WHAT YOU ARE ASKED TO DO ▸ Skip the pictures. Quote every line below, exactly, from the one with "lined in silk chiffon" through the final line.

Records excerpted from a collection
- - -

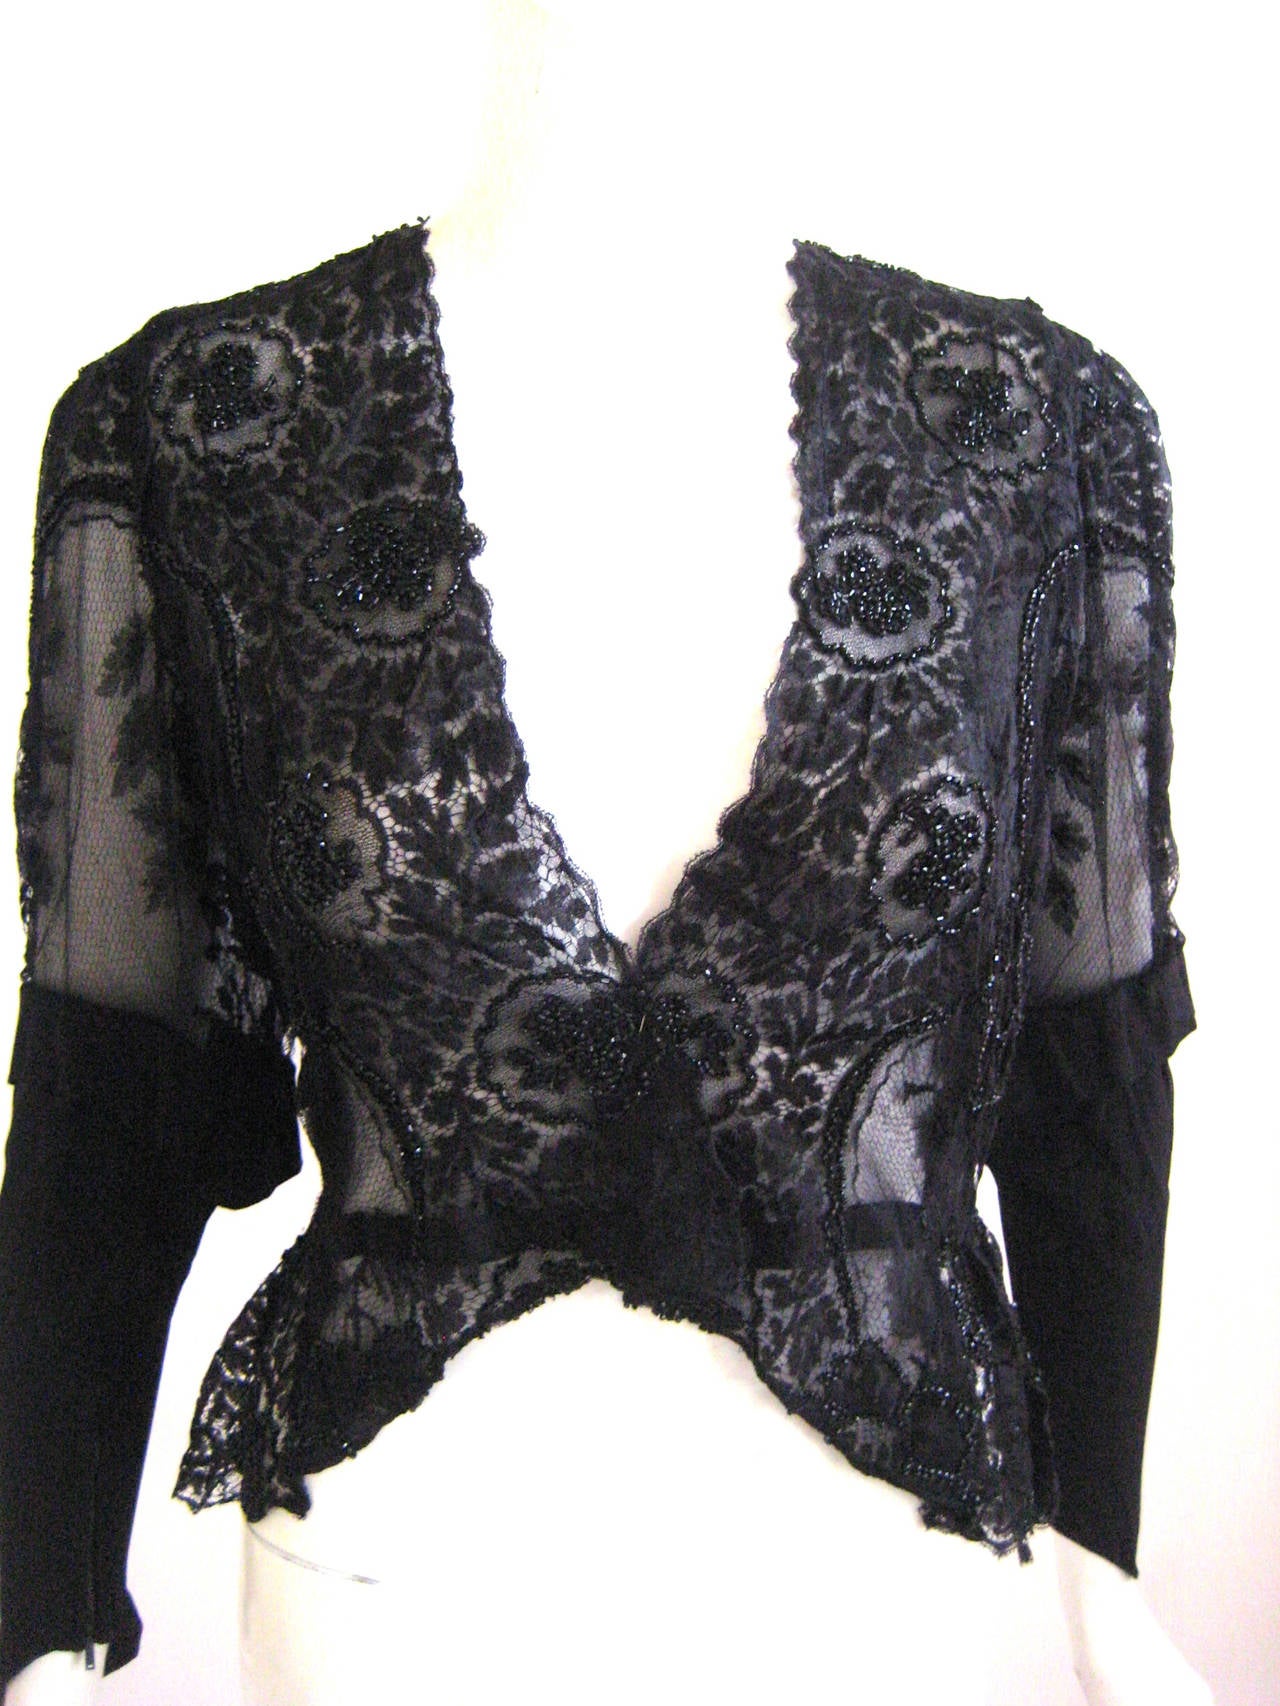 silk chantilly lace 
lined in silk chiffon
silk crepe sleeve with zippers at cuffs 
gorgeous embroidered beadwork
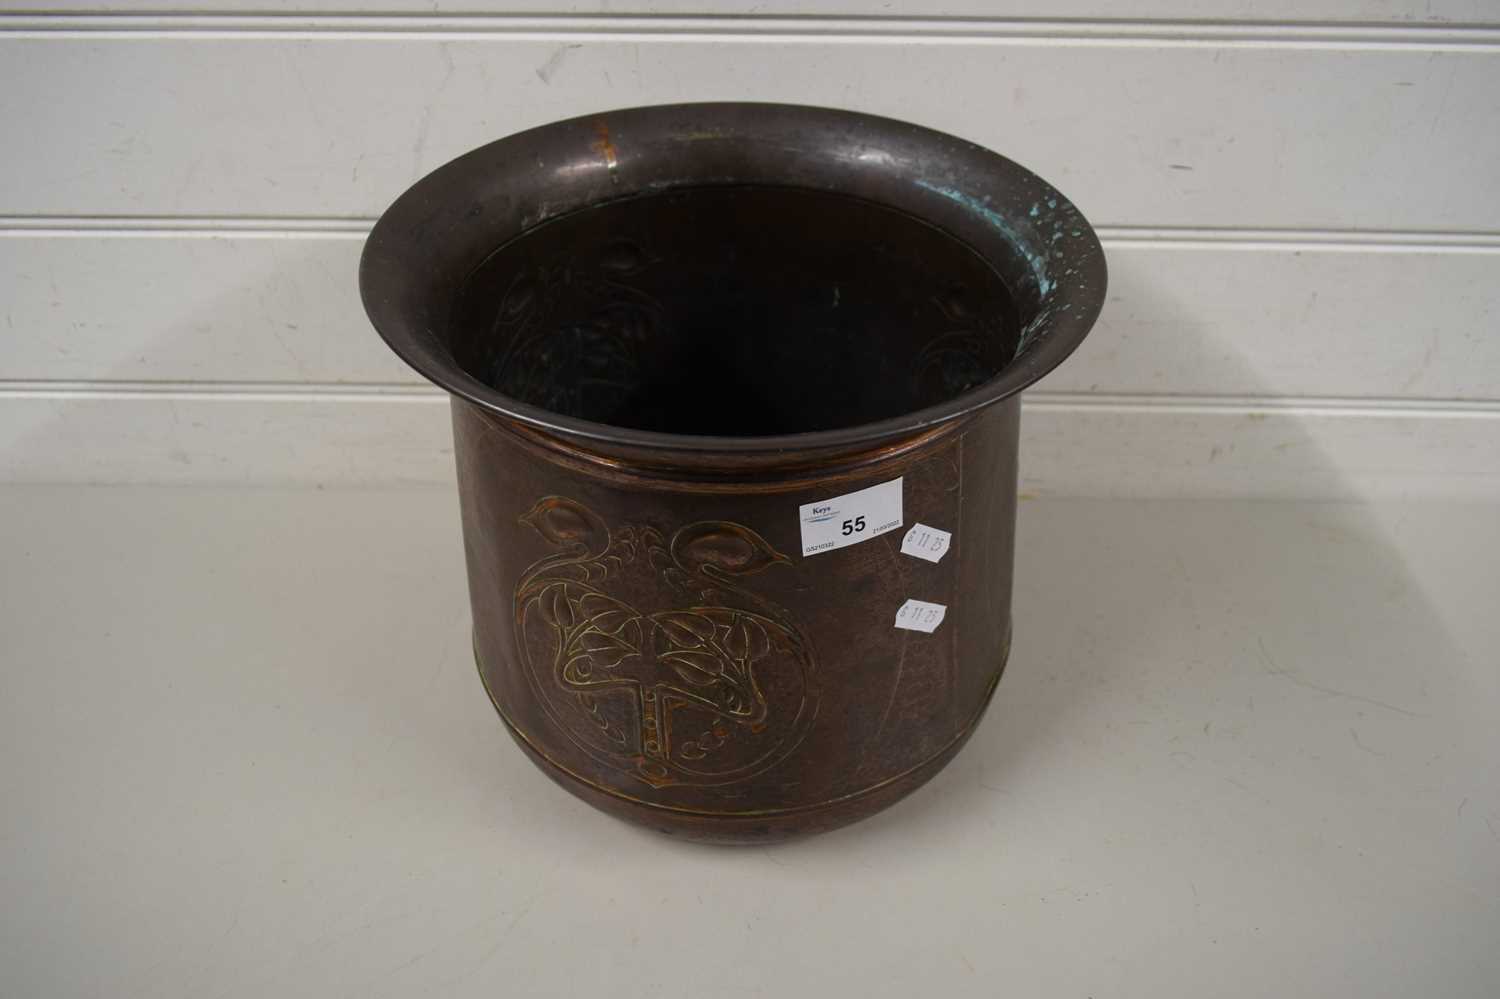 LATE 19TH/EARLY 20TH CENTURY COPPER JARDINIERE
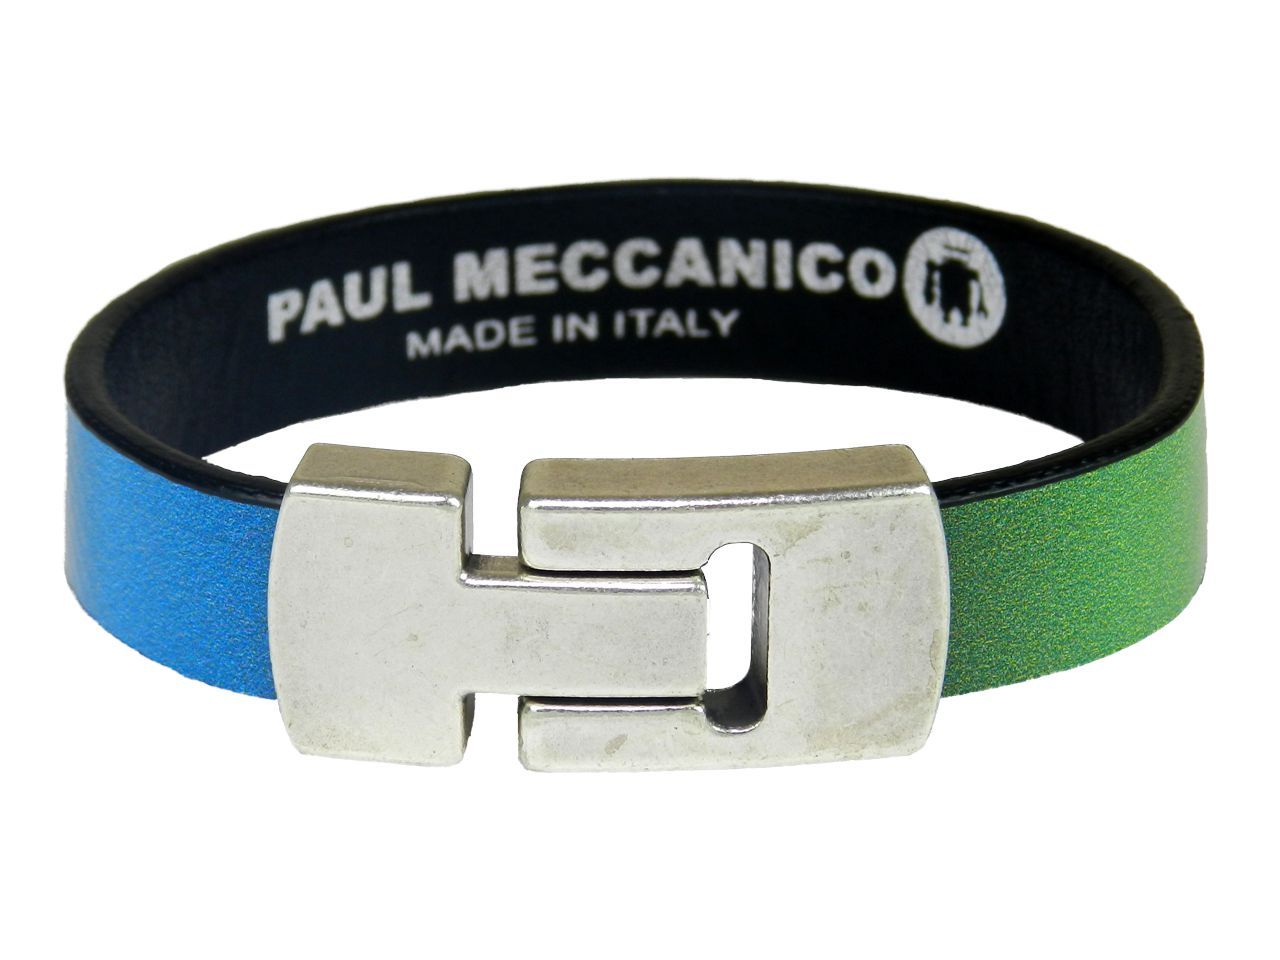 MAN'S BRACELET I AM DOPING FREE BY PAUL MECCANICO MULTICOLOR BLUE GREEN YELLOW ORANGE - Limited Edition Paul Meccanico

- - -

OUTPUT FOR THIS TASK ▸
lined in silk chiffon
silk crepe sleeve with zippers at cuffs 
gorgeous embroidered beadwork
 LATE 19TH/EARLY 20TH CENTURY COPPER JARDINIERE
 MAN'S BRACELET I AM DOPING FREE BY PAUL MECCANICO MULTICOLOR BLUE GREEN YELLOW ORANGE - Limited Edition Paul Meccanico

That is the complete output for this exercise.